More Cars Are Powered by Biofuel Than Electricity — But Why?

My friend and colleague Tom Konrad of AltEnergyStocks.com comments on my piece on biofuels:

(The efficiency of PV) is still 10x better than biofuels, but the capital costs of all those solar panels are probably much more than costs of planting, harvesting, and converting the plants into biofuel….which is why a lot more cars are powered by biofuel than electricity.

You may be right about the former, i.e., the capital costs.  However, though I can’t find a study on this, I wouldn’t discount the capital costs of biofuels (and, more to the point, the operating costs) of the tractors, etc.  Also, the opportunity cost of arable vs. desert land is enormous – and seldom brought into the equation.

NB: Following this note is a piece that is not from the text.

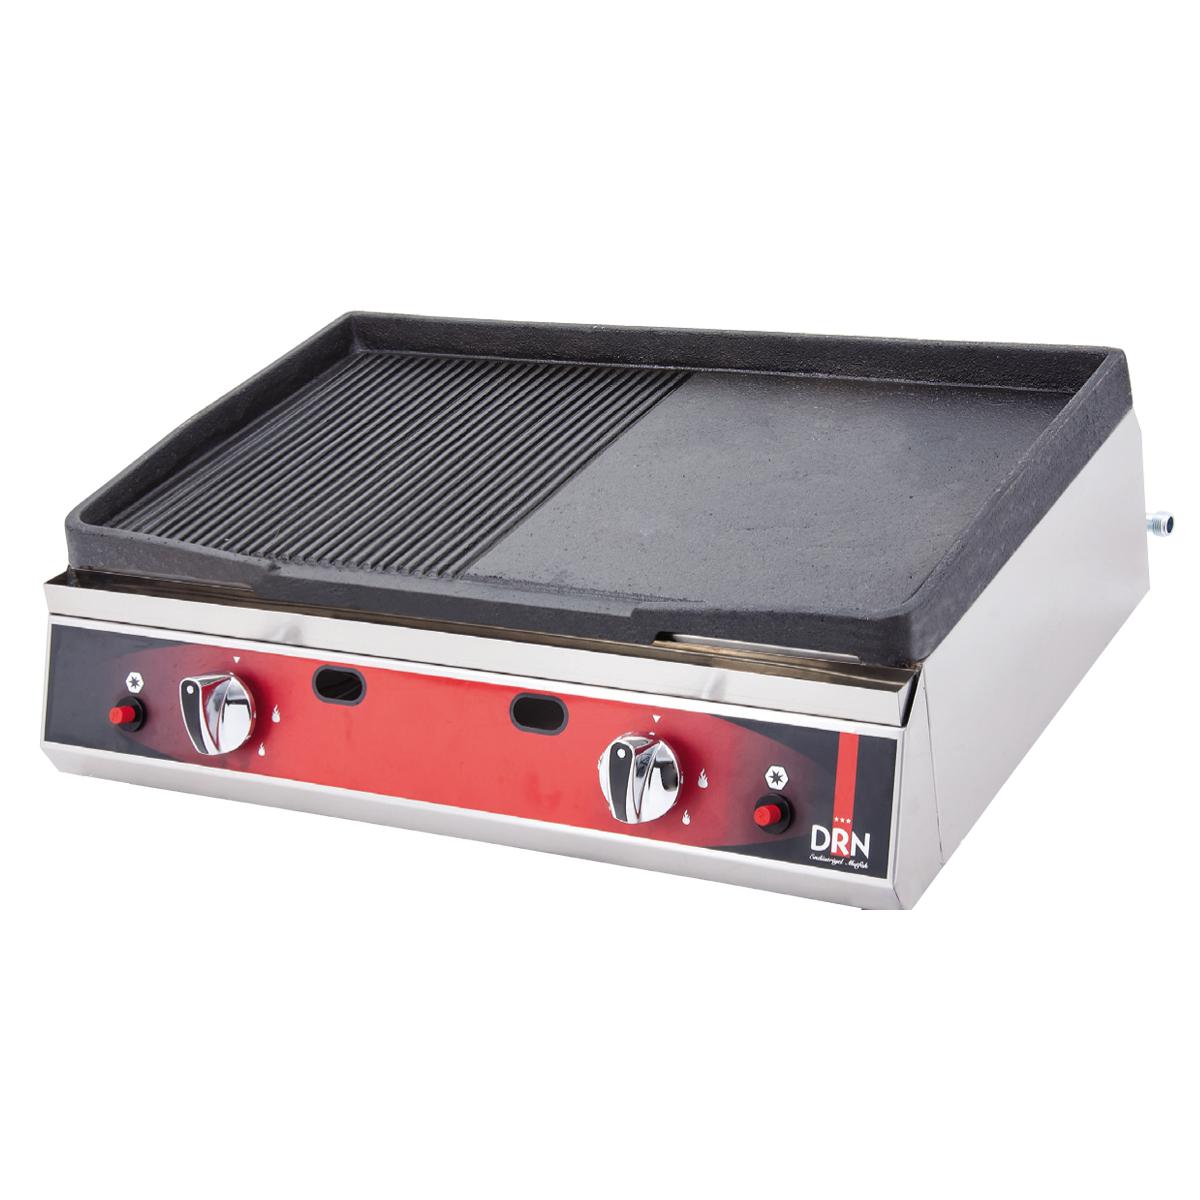 Cast iron grill - 70cm - lpg  drndizg-70-lpg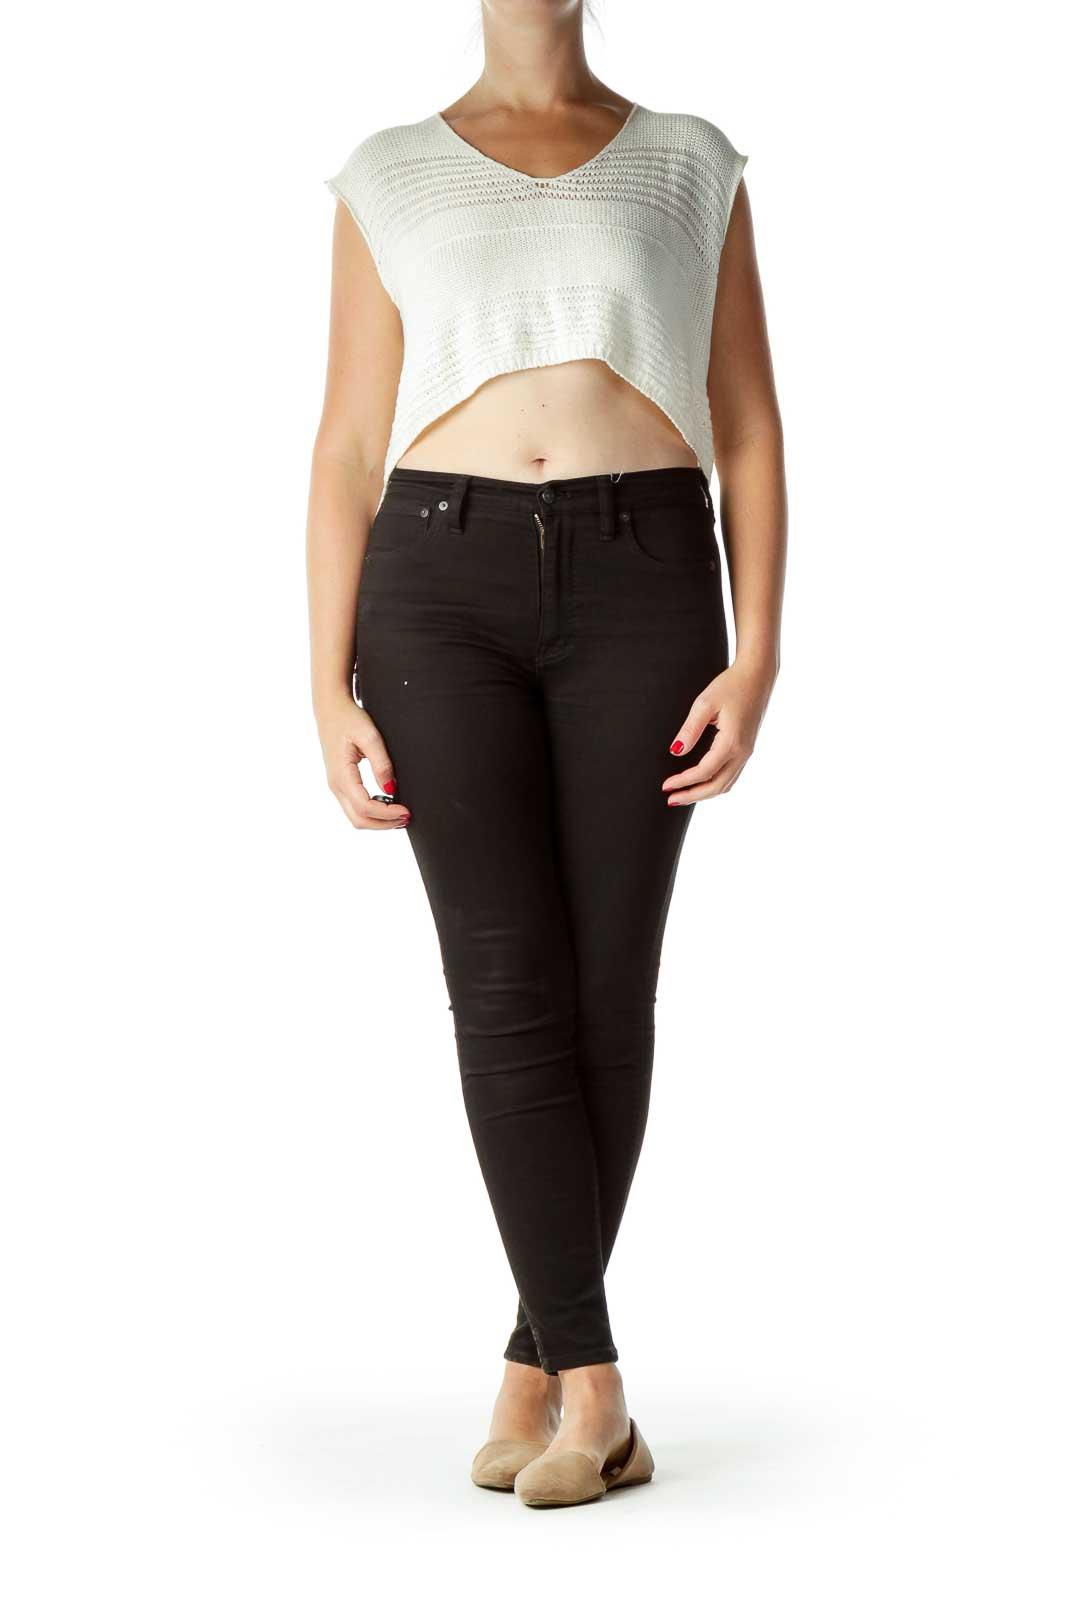 Cream One Size Asymmetric Vest

As to why more cars are powered by biofuel than electricity, I think it’s more a matter of our current devotion to the dispensing infrastructure for liquid fuels, which is (albeit slowly) eroding.  The shift away from burning hydrocarbons that are ruining our planet in favor of plug-in vehicles powered by renewables isn’t happening as fast as many of us would like, but it’s most certainly in motion.  And when liquid fuels leave, they won’t be coming back. In the words of Simon and Garfunkel, “When she goes, she’s go-o-o-o-ne…”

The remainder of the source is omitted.